DATA PROVIDED:
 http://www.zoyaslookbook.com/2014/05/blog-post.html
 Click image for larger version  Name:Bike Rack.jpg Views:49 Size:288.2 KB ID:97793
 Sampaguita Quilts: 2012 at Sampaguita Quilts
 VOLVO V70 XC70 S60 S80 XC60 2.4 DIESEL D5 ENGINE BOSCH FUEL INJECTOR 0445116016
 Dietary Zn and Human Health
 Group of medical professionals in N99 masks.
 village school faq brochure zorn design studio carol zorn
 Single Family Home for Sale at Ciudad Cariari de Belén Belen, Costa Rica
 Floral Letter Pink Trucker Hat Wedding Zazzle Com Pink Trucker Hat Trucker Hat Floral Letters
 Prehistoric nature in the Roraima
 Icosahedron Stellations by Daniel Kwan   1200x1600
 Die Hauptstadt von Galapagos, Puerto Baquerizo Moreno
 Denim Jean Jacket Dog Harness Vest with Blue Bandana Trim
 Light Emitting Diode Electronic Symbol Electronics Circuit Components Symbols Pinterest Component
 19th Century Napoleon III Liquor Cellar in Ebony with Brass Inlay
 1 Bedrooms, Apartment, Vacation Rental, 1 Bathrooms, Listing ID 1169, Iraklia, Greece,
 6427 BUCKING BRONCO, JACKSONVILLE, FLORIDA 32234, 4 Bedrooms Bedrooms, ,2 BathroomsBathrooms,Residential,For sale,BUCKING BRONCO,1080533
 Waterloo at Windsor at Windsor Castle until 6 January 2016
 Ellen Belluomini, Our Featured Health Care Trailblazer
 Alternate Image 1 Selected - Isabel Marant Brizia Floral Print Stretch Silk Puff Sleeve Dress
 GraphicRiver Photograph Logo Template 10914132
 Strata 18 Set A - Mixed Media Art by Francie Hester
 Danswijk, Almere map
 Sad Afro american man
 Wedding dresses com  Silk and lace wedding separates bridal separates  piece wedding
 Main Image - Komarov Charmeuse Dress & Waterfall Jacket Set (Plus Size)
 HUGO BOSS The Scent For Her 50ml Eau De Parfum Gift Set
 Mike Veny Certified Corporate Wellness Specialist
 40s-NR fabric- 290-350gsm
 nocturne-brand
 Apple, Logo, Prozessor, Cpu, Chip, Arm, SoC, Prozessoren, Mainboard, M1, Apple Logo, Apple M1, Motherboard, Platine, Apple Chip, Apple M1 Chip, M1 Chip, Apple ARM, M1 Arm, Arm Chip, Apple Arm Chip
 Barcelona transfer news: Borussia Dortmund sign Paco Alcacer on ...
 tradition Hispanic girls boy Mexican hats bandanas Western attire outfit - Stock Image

WHAT IS BEING ASKED: All lines from the one with "40s-NR fabric- 290-350gsm" through the final line of the listing above are to be restated word for word; the lines before it are left out.

EXERCISE ANSWER:
 40s-NR fabric- 290-350gsm
 nocturne-brand
 Apple, Logo, Prozessor, Cpu, Chip, Arm, SoC, Prozessoren, Mainboard, M1, Apple Logo, Apple M1, Motherboard, Platine, Apple Chip, Apple M1 Chip, M1 Chip, Apple ARM, M1 Arm, Arm Chip, Apple Arm Chip
 Barcelona transfer news: Borussia Dortmund sign Paco Alcacer on ...
 tradition Hispanic girls boy Mexican hats bandanas Western attire outfit - Stock Image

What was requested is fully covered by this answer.